In this post, I will demonstrate how to recover voting disk in case we lose the only copy of voting disk.Voting disk will be automatically recovered using latest available backup of OCR.
Current scenario:
The only copy of the voting disk is present in test diskgroup on disk ASMDIsk010
The only copy of the voting disk is present in test diskgroup on disk ASMDIsk010
We will corrupt ASMDIsk011 so that we lose the only copy of the voting disk.
We will restore voting disk to another diskgroup using the OCR.
Let’s start …
– Currently, we have 1 voting disk. Let us corrupt it and check if clusterware still continues
– FIND OUT LOCATION OF VOTEDISK
[grid@host01 cssd]$ crsctl query css votedisk
## STATE File Universal Id File Name Disk group
– —– —————– ——— ———
1. ONLINE 00ce3c95c6534f44bfffa645a3430bc3 (ORCL:ASMDISK010) [TEST]
– FIND OUT THE NO. OF DISKS IN test DG (CONTAINING VOTEDISK)
ASMCMD> lsdsk -G test
Path
ORCL:ASMDISK010
– Let us corrupt ASMDISK010
— bs = blocksize = 4096
— count = # of blocks overwritten = 1000000 (~1M)
– total no. of bytes corrupted = 4096 * 1000000
(~4096M = size of one partition)
#dd if=/dev/zero of=/dev/oracleasm/disks/ASMDISK010 bs=4096 count=1000000
Here, I was expecting clusterware to stop as the only voting disk was not available but surprisingly clusterware kept running. I even waited for quite some time but to no avail. I would be glad if someone can give more input on this.

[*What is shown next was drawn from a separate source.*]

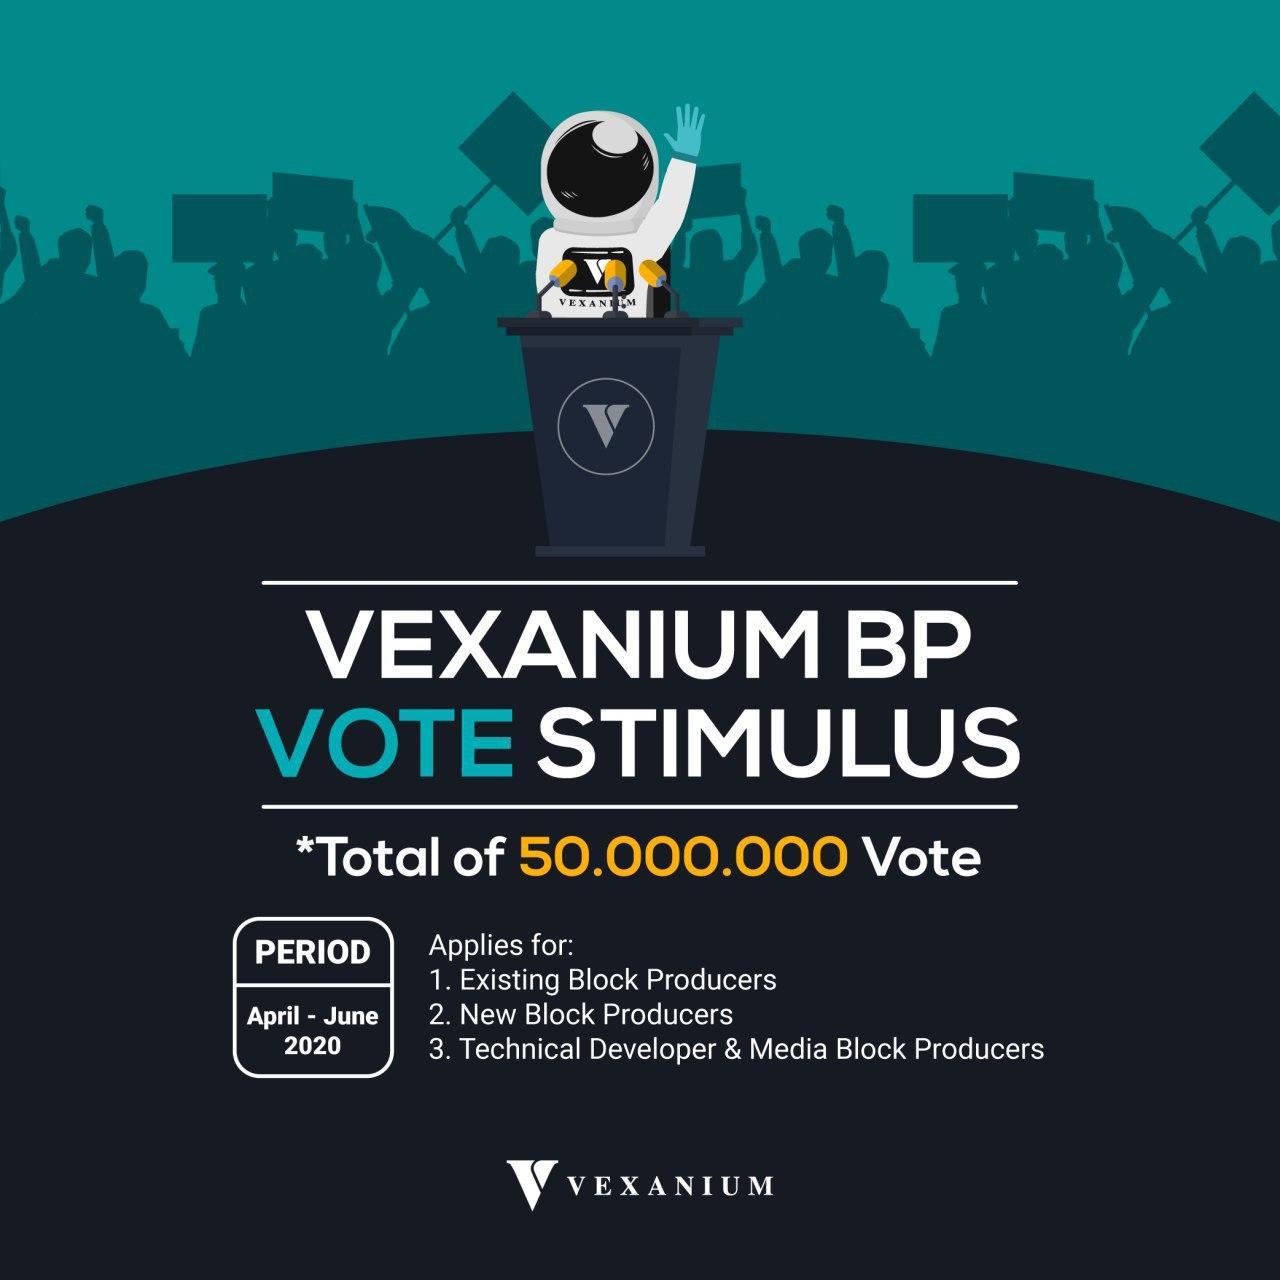 Vexanium BP Vote Stimulus – ID

Finally, I stopped clusterware and tried to restart it. It was not able to restart.
– Reboot all the nodes and note that cluster ware does not start as voting disk is not accessible.
#crsctl stat res -t
– Now since voting disk can’t be restored back to test diskgroup as disk in test has been corrupted,
we will create another diskgroup votedg where we will restore voting disk.
RECOVER VOTING DISK
– To move voting disk to votedg diskgroup, ASM instance should be up and for ASM
instance to be up, CRS should be up. Hence we will
– stop crs on all the nodes
– start crs in exclusive mode on one of the nodes (host01)

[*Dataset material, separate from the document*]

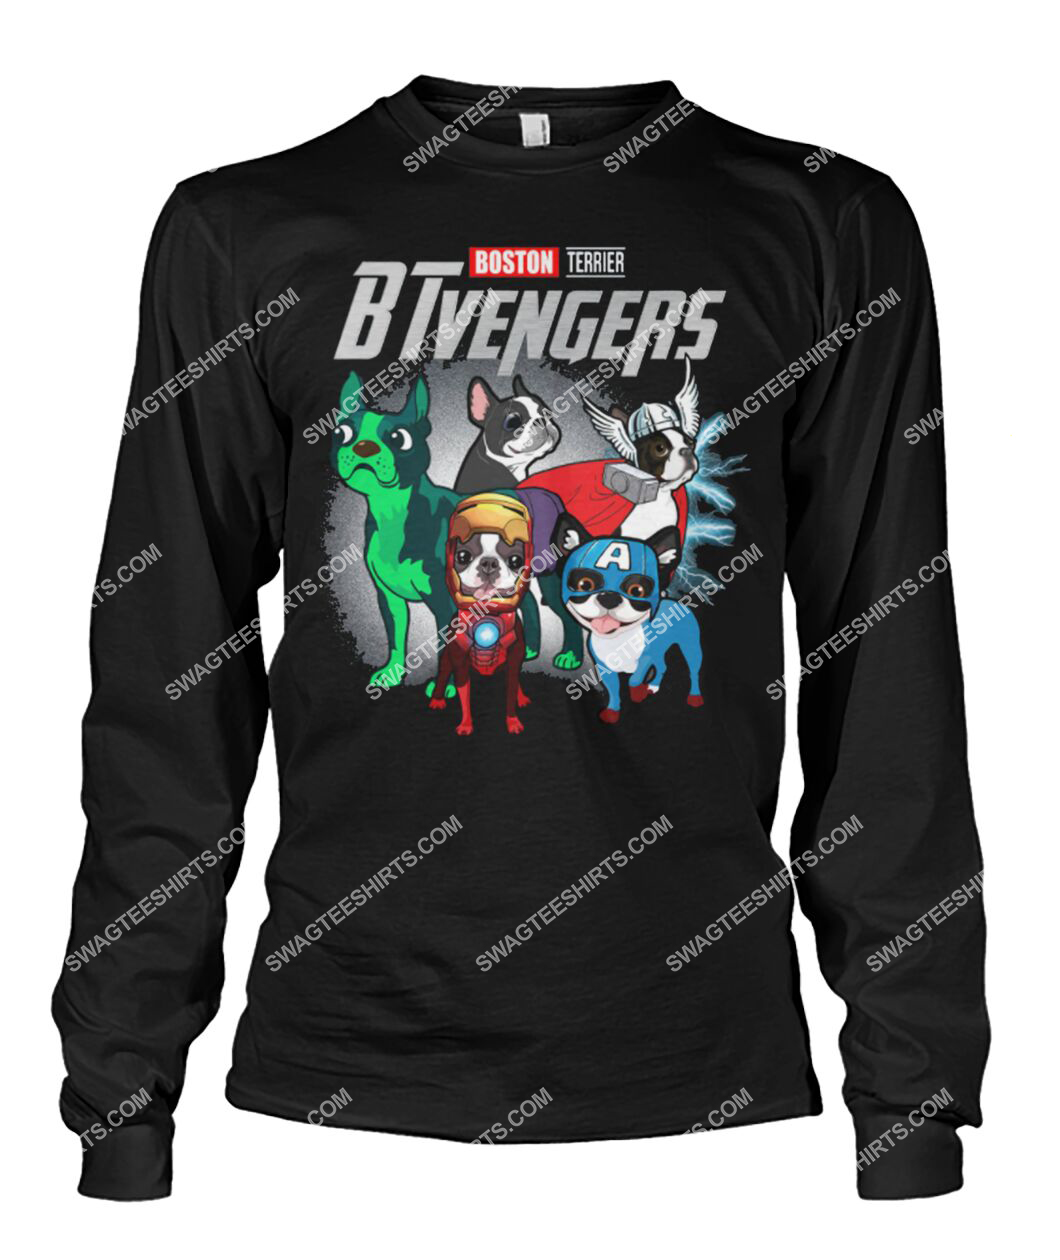 boston terrier btvengers marvel avengers dogs lover sweatshirt 1

– start asm instance on host01 using pfile (since spfile of ASM instance is on ASM)
– create a new diskgroup votedg
– move voting disk to votedg diskgroup
– stop crs on host01(was running in exclusive mode)
– restart crs on host01
– start crs on rest of the nodes
– start cluster on all the nodes
– IMPLEMENTATION –
- stop crs on all the nodes(if it does not stop, kill ohasd process and retry)
root@hostn# crsctl stop crs -f
– start crs in exclusive mode on one of the nodes (host01)
root@host01# crsctl start crs -excl
– start asm instance on host01 using pfile
grid@host01$ echo INSTANCE_TYPE=ASM >> /u01/app/oracle/init+ASM1.ora chown grid:oinstall /u01/app/oracle/init+ASM1.ora SQL>startup pfile='/u01/app/oracle/init+ASM1.ora';
- create a new diskgroup votedg
– move voting disk to data diskgroup – voting disk is automaticaly recovered using latest available backup of OCR.
root@host01#crsctl replace votedisk +votedg
– stop crs on host01(was running in exclusive mode)
root@host01#crsctl stop crs
– restart crs on host01
root@host01#crsctl start crs
– start crs on rest of the nodes (if it does not start, kill ohasd process and retry)
root@host02#crsctl start crs root@host03#crsctl start crs
– start cluster on all the nodes and check that it is running
root@host01#crsctl start cluster -all crsctl stat res -t
I hope this post was useful.
Regards
————————————————————————————————
——————–
What an Excellent Blog Writing,you are just Outstanding in the explanantion… and thanks a lot for your writings…
Hi Sitaram,
Thanks for your time and feedback!
regards
Anju
Here, I was expecting clusterware to stop as the only voting disk was not available but surprisingly clusterware kept running. I even waited for quite some time but to no avail. I would be glad if someone can give more input on this.
^^
Here I recollect there is some caching concept / mechanism ; And unless the cache gets updated the information doesnt reflect immediate
In my opinion, the clusterware continued because, ocssd just keeps on overwriting and reading the corrupted blocks every second. The blocks are still accessible. When I manually restarted the cluster, it could not locate the voting disk since header of the ASM disk had been corrupted.
what do you think?
regards
Anju
you have mentioned that voting disk is automaticaly recovered using latest available backup of OCR. But in the command you have not mentioned ocr backup file.How is it going to recognize ocr backup file location.
Information about OCR backups is stored in OCR . It is read automatically from OCR .
Hope it helps
Regards
Anju Garg
A very well written article which explains very objectively recovery of voting disk scenario
Thanks for your time and feedback.
Your comments and suggestions are always welcome.
regards
Anju Garg